* Data extract
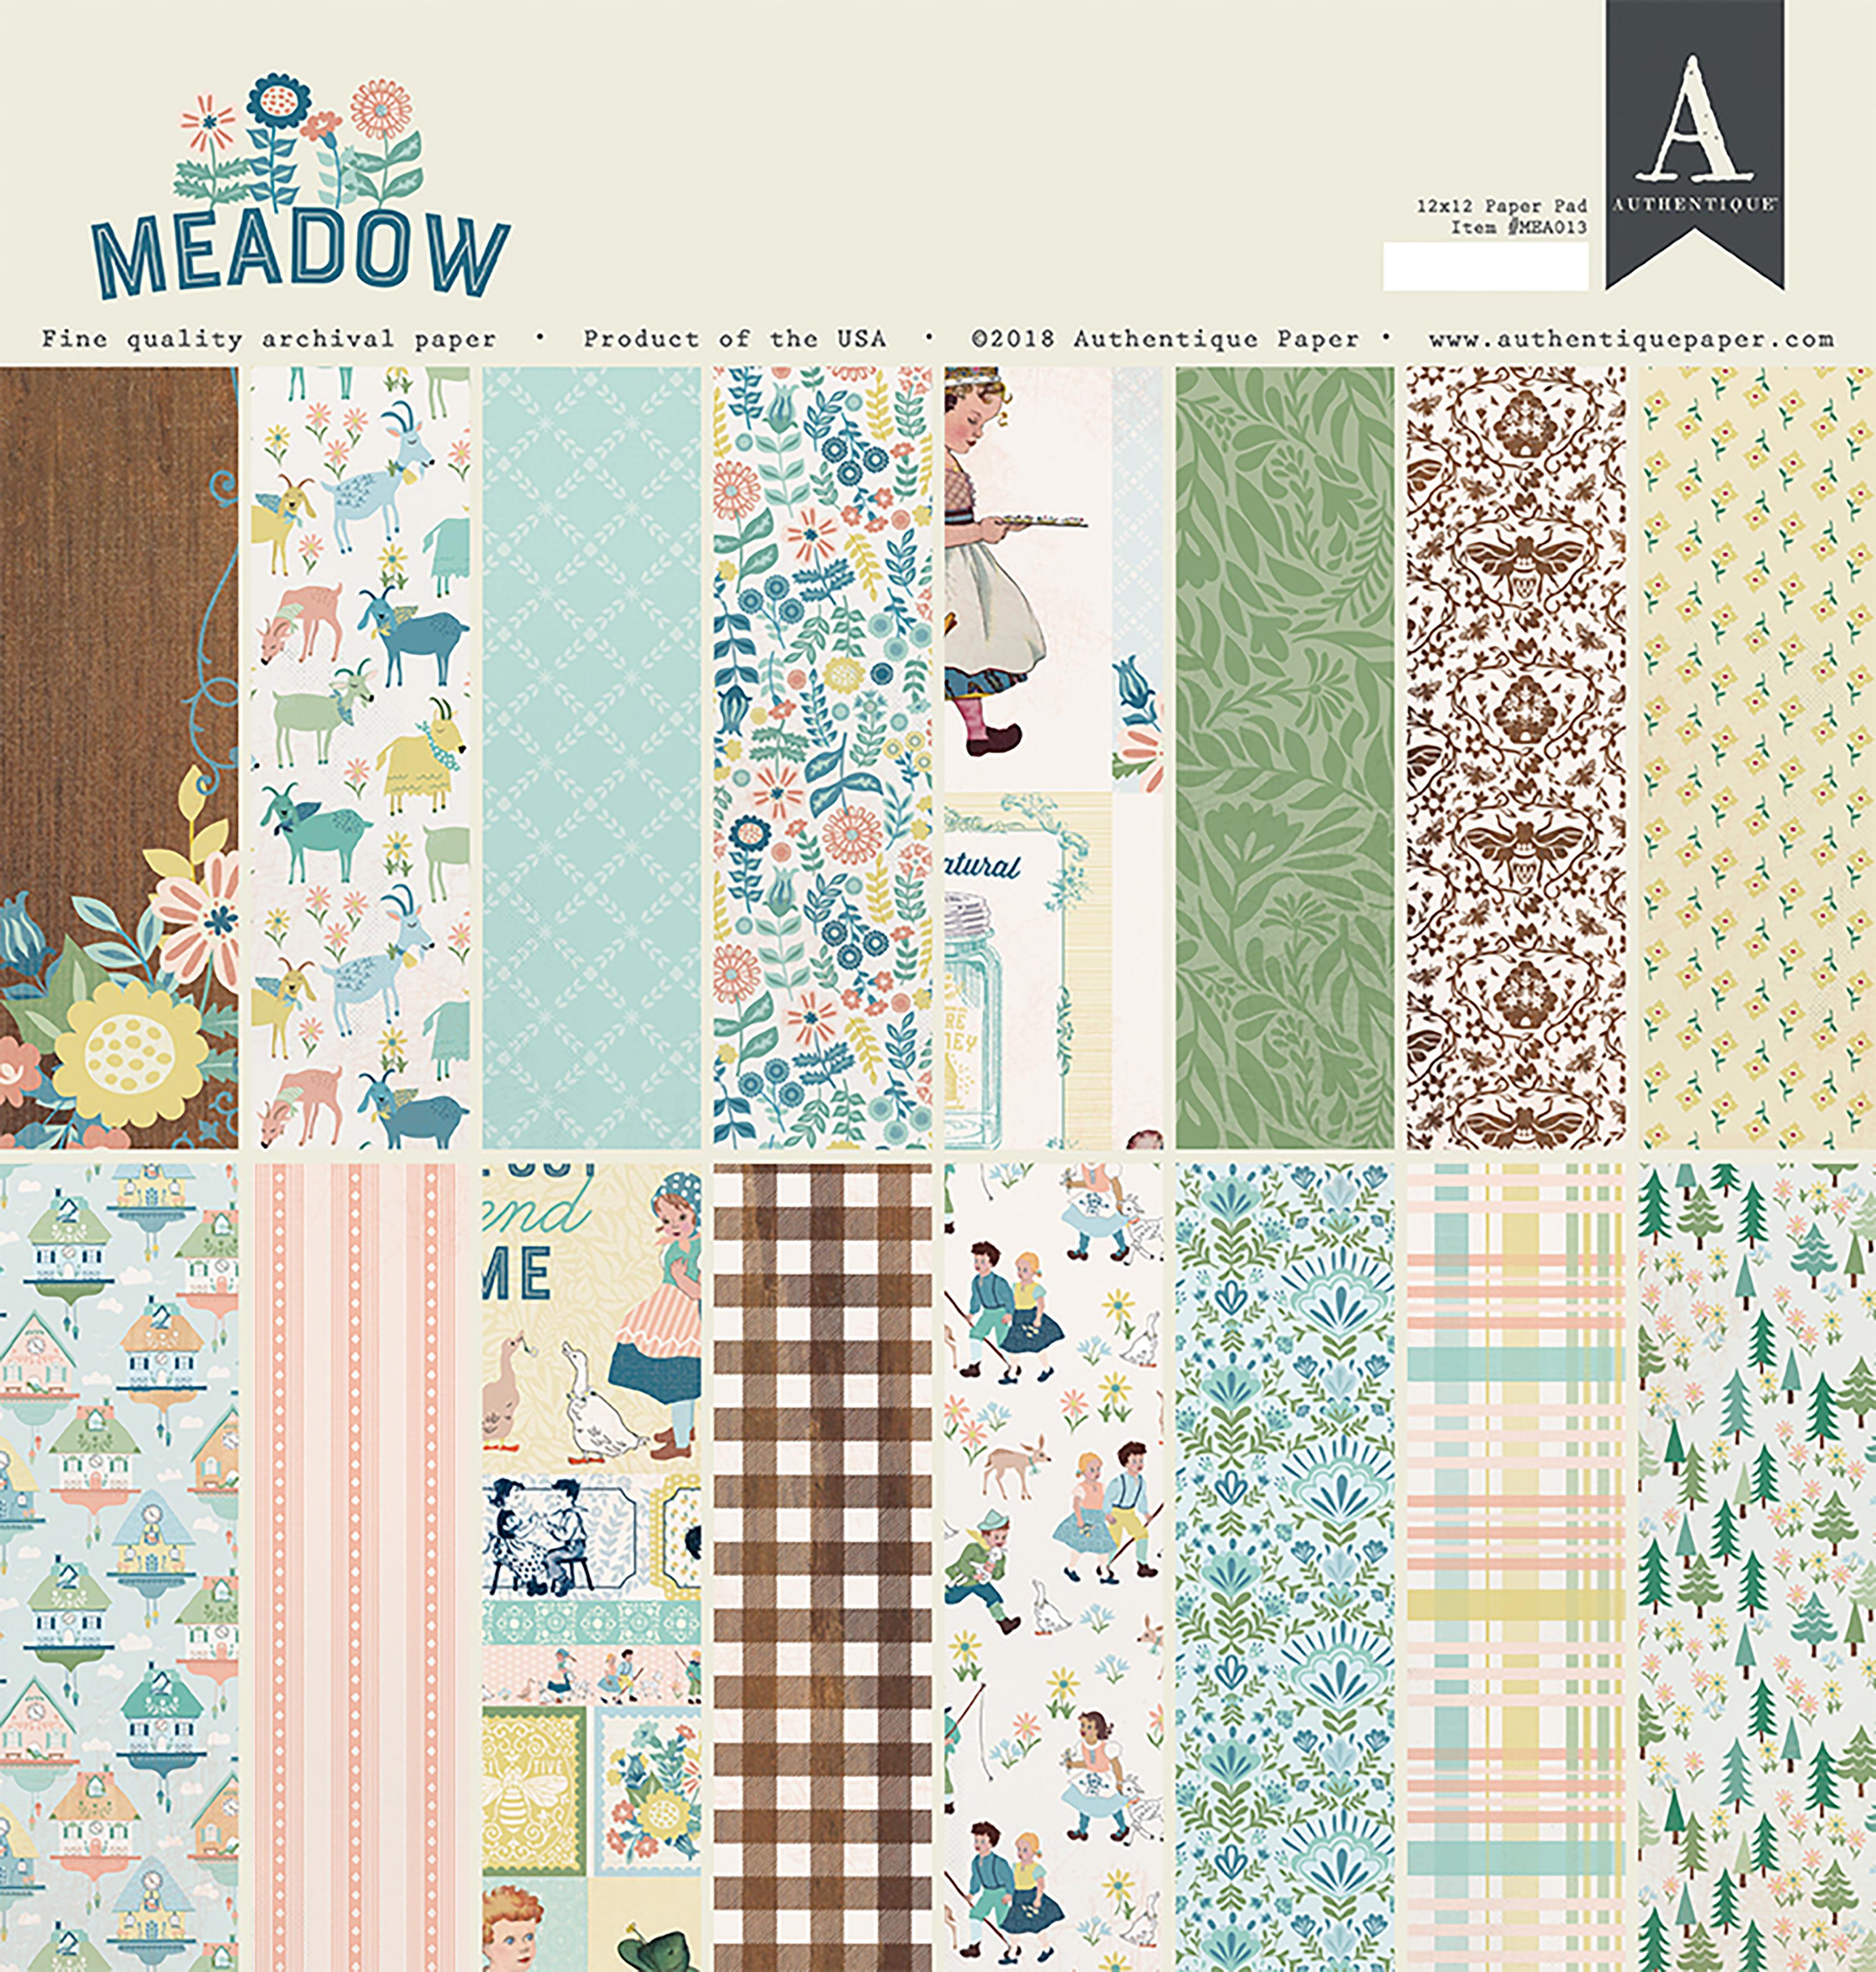 Meadow 12 x 12 Paper Pad
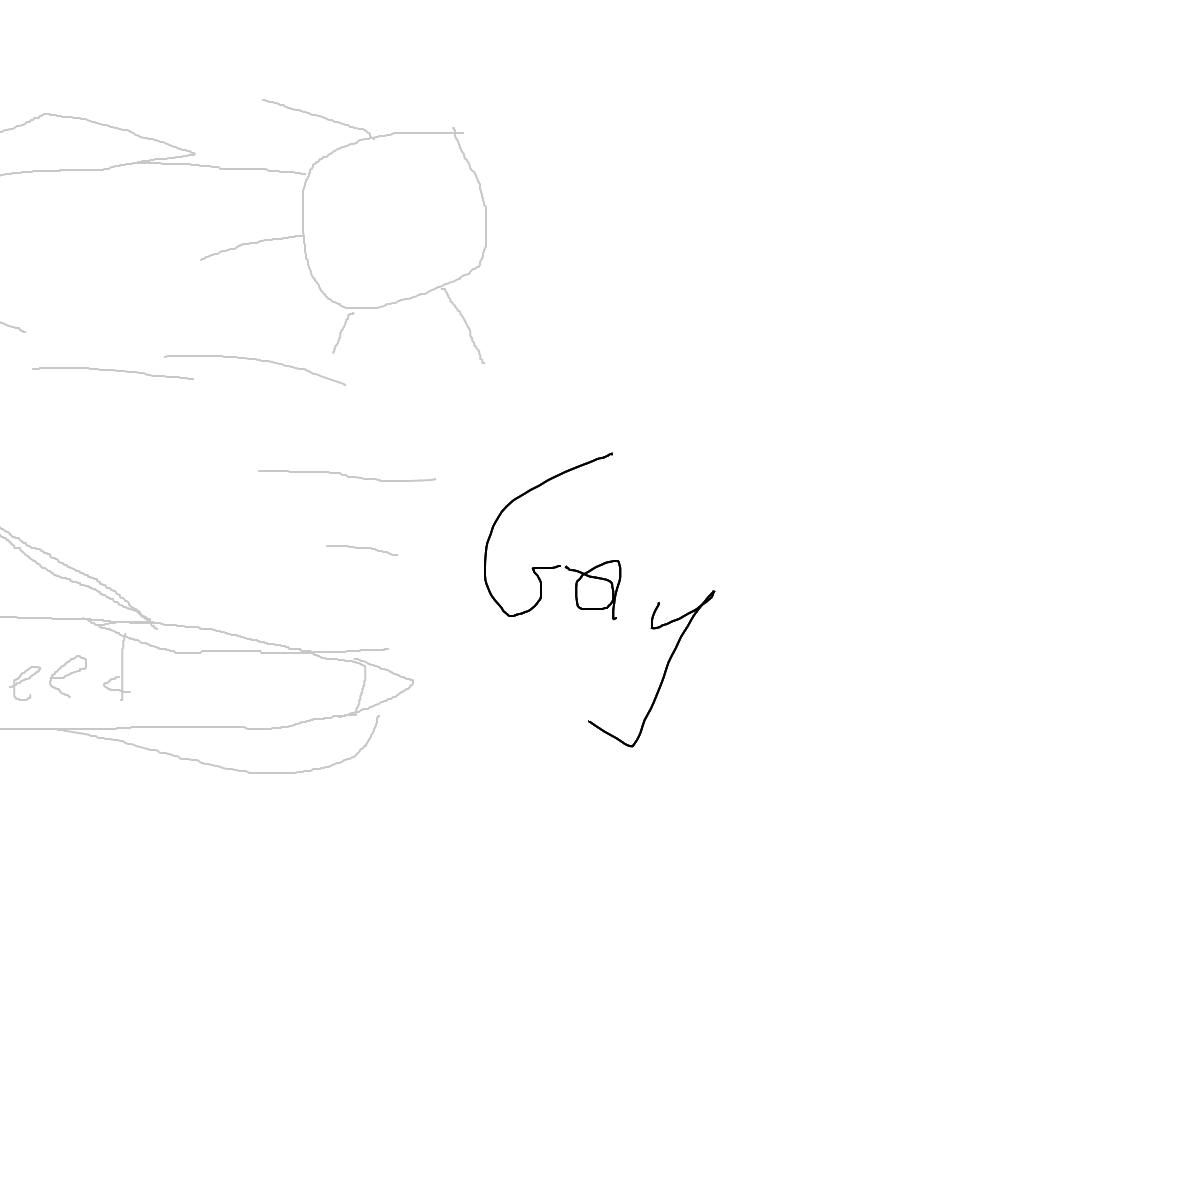 BAAAM drawing#2575 lat:44.2246932983398440lng: -76.4820556640625000
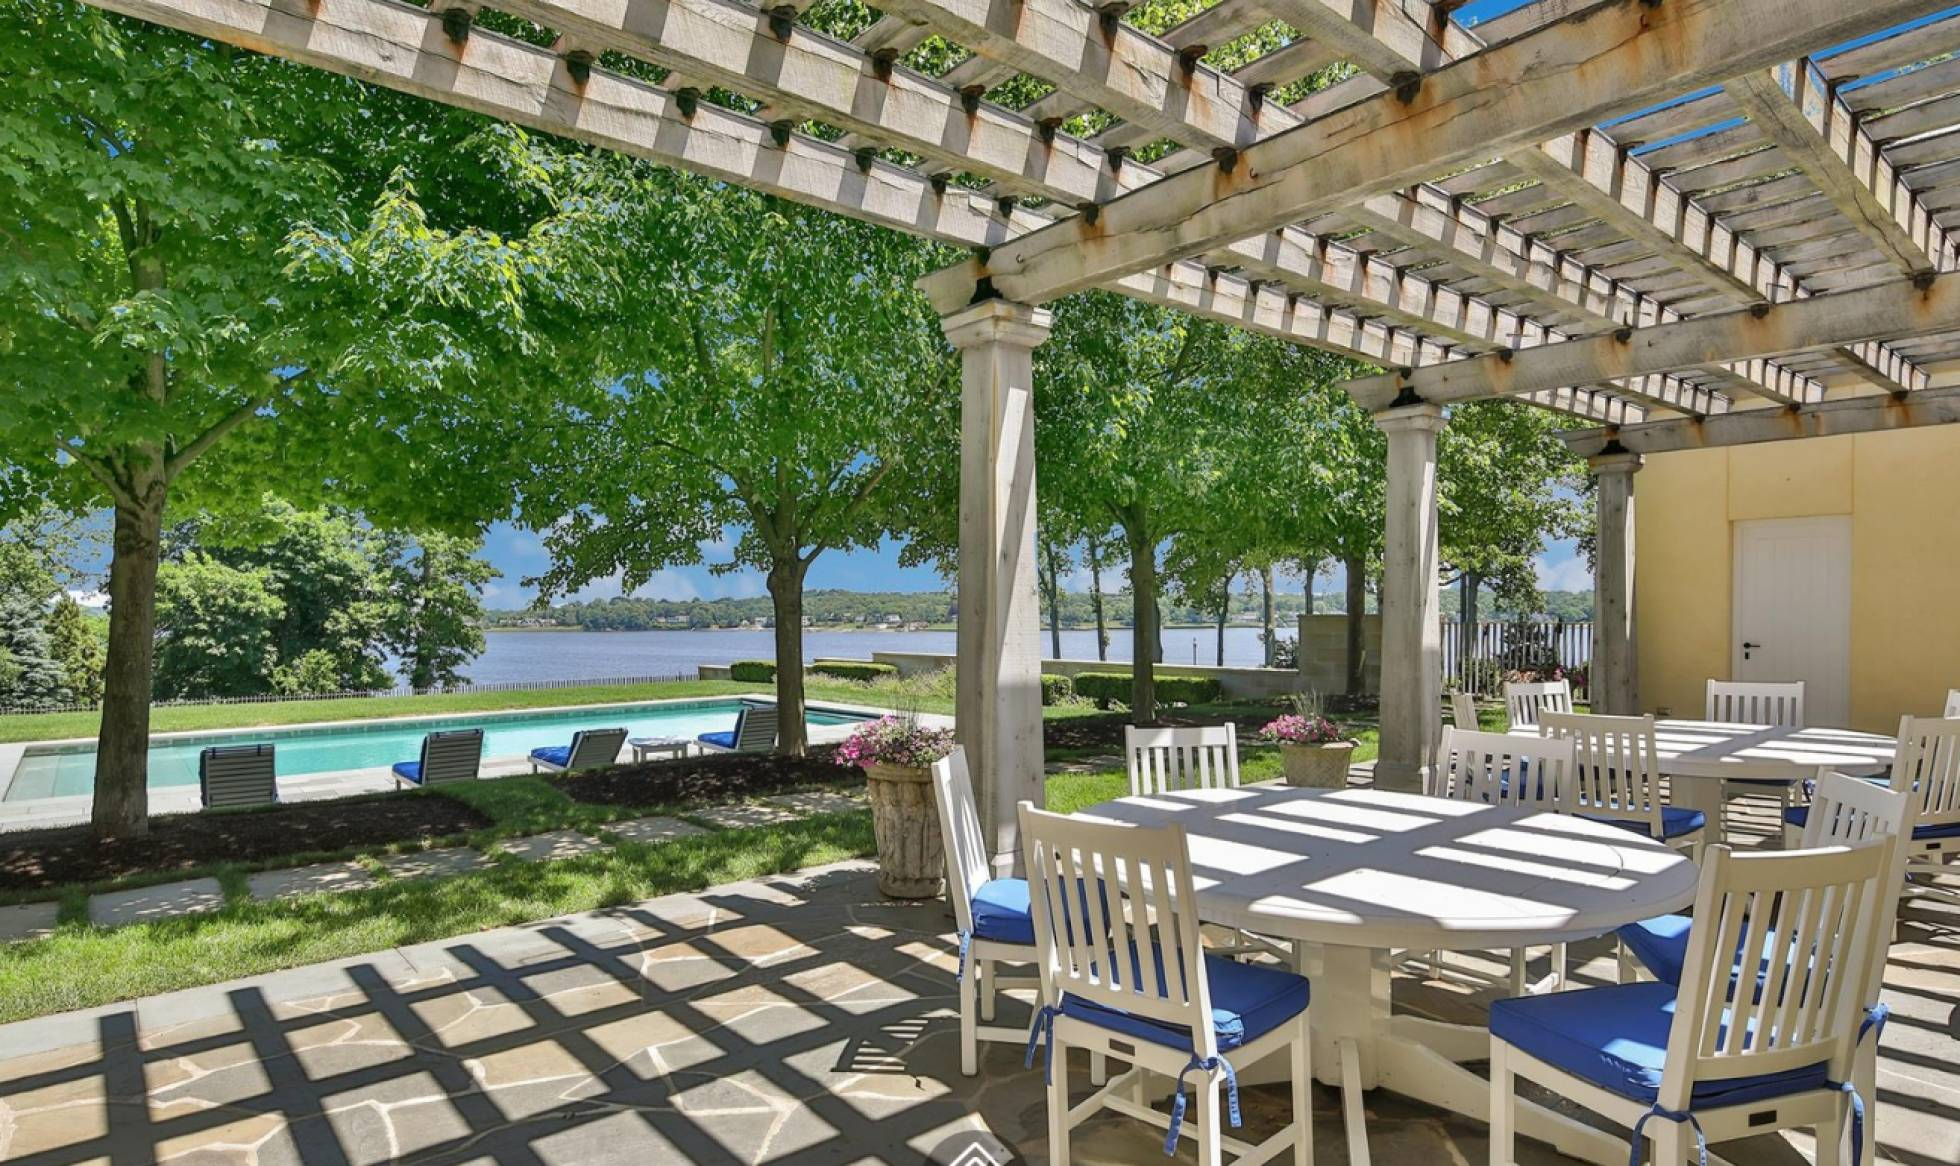 A área da piscina da propriedade de Jon Bon Jovi.

* What you need to do
Leaving each image aside, repeat the listing above exactly.

* Written solution
 Meadow 12 x 12 Paper Pad
 BAAAM drawing#2575 lat:44.2246932983398440lng: -76.4820556640625000
 A área da piscina da propriedade de Jon Bon Jovi.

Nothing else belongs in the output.